Reference to the arch angel(the devil) and those that followed him(other angels).. because the devil (Satan) was and still is an angel.. Who and what the "fallen Angels" ARE I don't know exactly.. but then who does?.. What an UNfallen angels is we don't know exactly either..

Spirits?... of some kind I suppose.. Like.. "US" we are spirits too.. Most/many humans are yet to find out they are spirits also.. The Spiritual Dimension is a quite nebulous dimension at this time.. God in all aspects is/are Spirits, Angels are Spirits, even "WE" are spirits..

In the "future" we might find that humans were merely spirits riding a earthy body like a DONKEY... and this planet became totally donkeyfied.. O.K. not totally... Especially after being "born again" became a factor..

STOP IT... I see you're eyebrow raised(in my spirit- LoL) and you're toe tapping....

It's fun to muse a muse..

327 posted on 11/08/2006 2:01:25 PM PST by hosepipe (CAUTION: This propaganda is laced with hyperbole.)
[ Post Reply | Private Reply | To 325 | View Replies]

To: betty boop; Cicero; FreedomProtector; hosepipe; Alamo-Girl
The word antinomy came into play when Kant used them to direct our attention to justifiable but contradictory metaphysical claims--for example, that the world has a beginning in time and that the world is eternal in time. Such contradictions can be variously explained, resolved, or dismissed. Kant's resolution was, I think, headed in a decent direction (for particular kinds of oppositions).

There are may other kinds of oppositions that may or may not resemble contradictory metaphysical claims. They too will be variously explained, resolved, or dismissed. Pythagoreans struggled over the odd and even, Zeno is famous for his paradoxes, Empedocles suggested Love and Strife, Socrates describes pain and pleasure as Janus-headed in the Phaedo, in the Parmenides we find the problem of the one and the many, Aristotle discusses the principle of noncontradiction, he also perceives the interplay of stasis and kinesis, other dualistic myths abound outside of ancient Greece, Christ our Lord teaches life through death, and so on. Hot and cold, slavery and freedom, and other kinds of opposites also show their own unique relations.

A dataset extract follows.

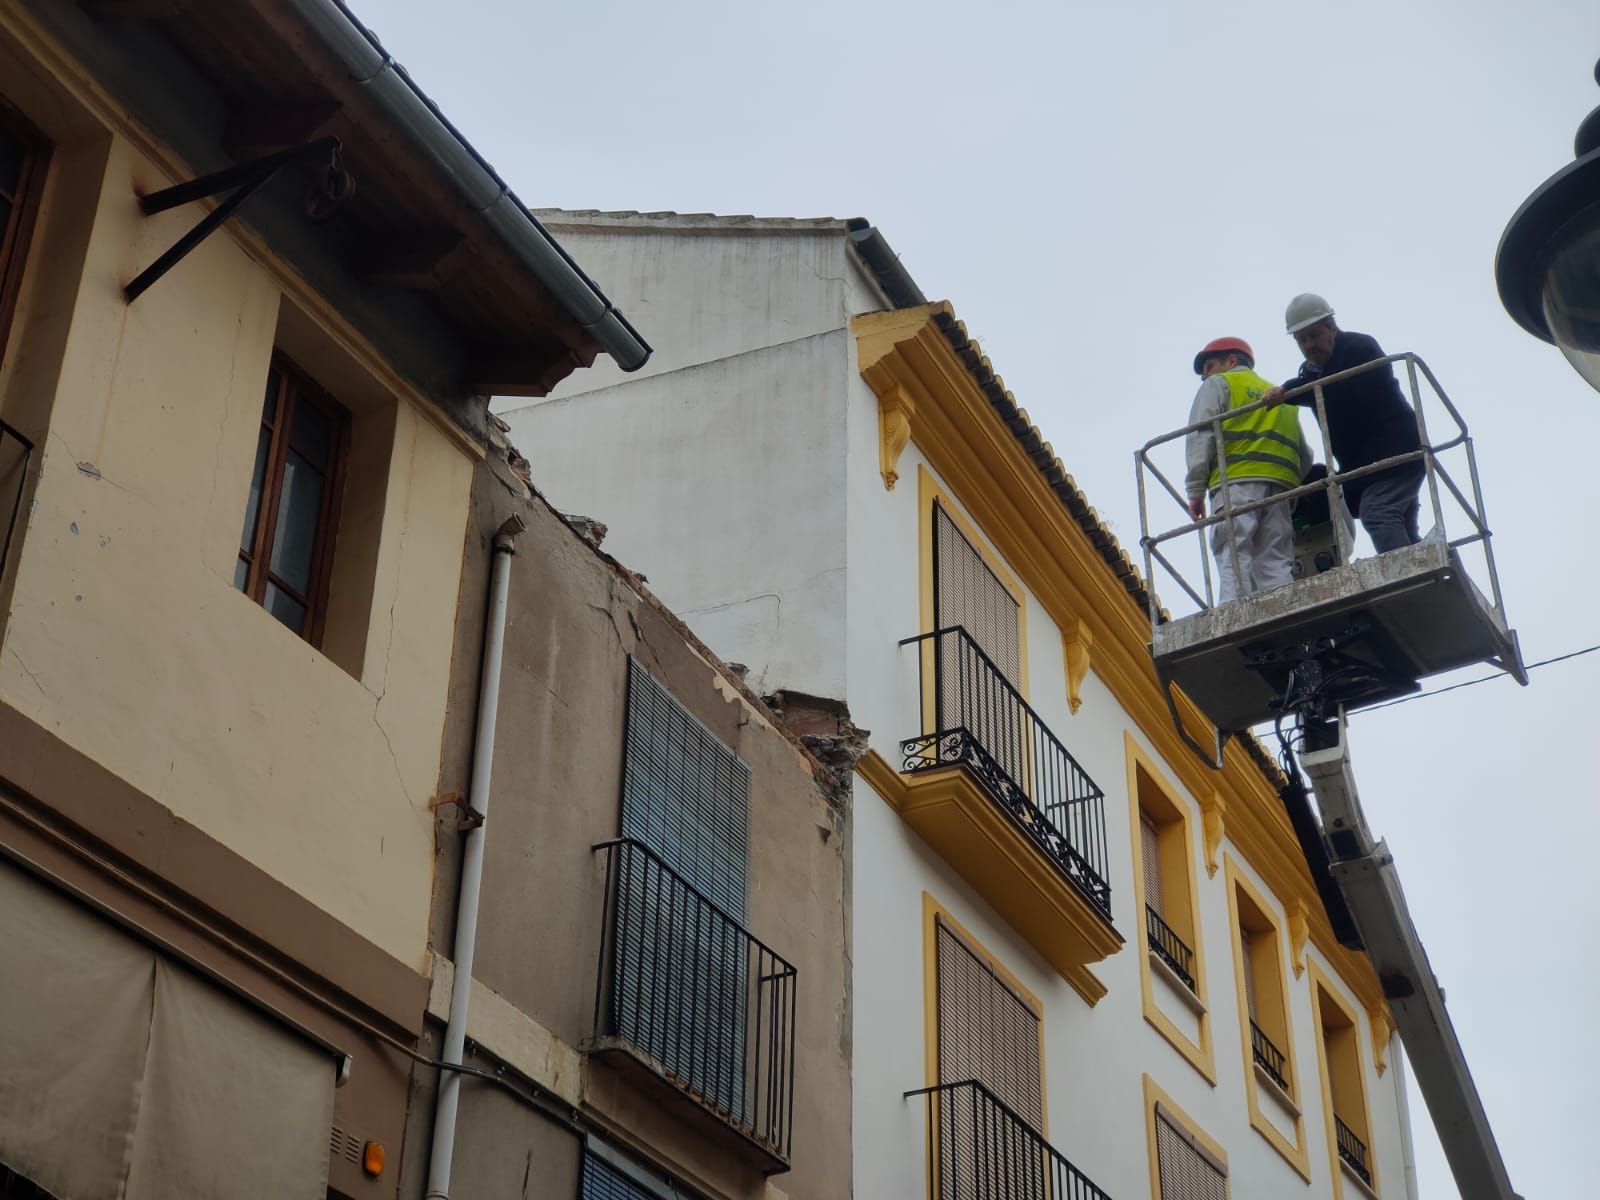 Revisan el estado del tejado de una casa abandonada en el casco antiguo de Xàtiva

With all of these classified in some reasonable order we might strictly reserve a particular term such that antinomy is used only to speak of contradictory metaphysical claims and contradiction of formal logical oppositions. A term like paradox may now be unacceptable in cases, depending on someone's social preferences. Habits of thought often shift according to the convenience of power or advantage. Take your pick, there are a whole lot of terms that do the trick:contrariety, antitheses, in/congruity, in/consistency, inversion, dilemma, dis/parity, hetero/homogeneity, in/equality. There may be good reason to reserve the term complimentarity for observations made about physical nature.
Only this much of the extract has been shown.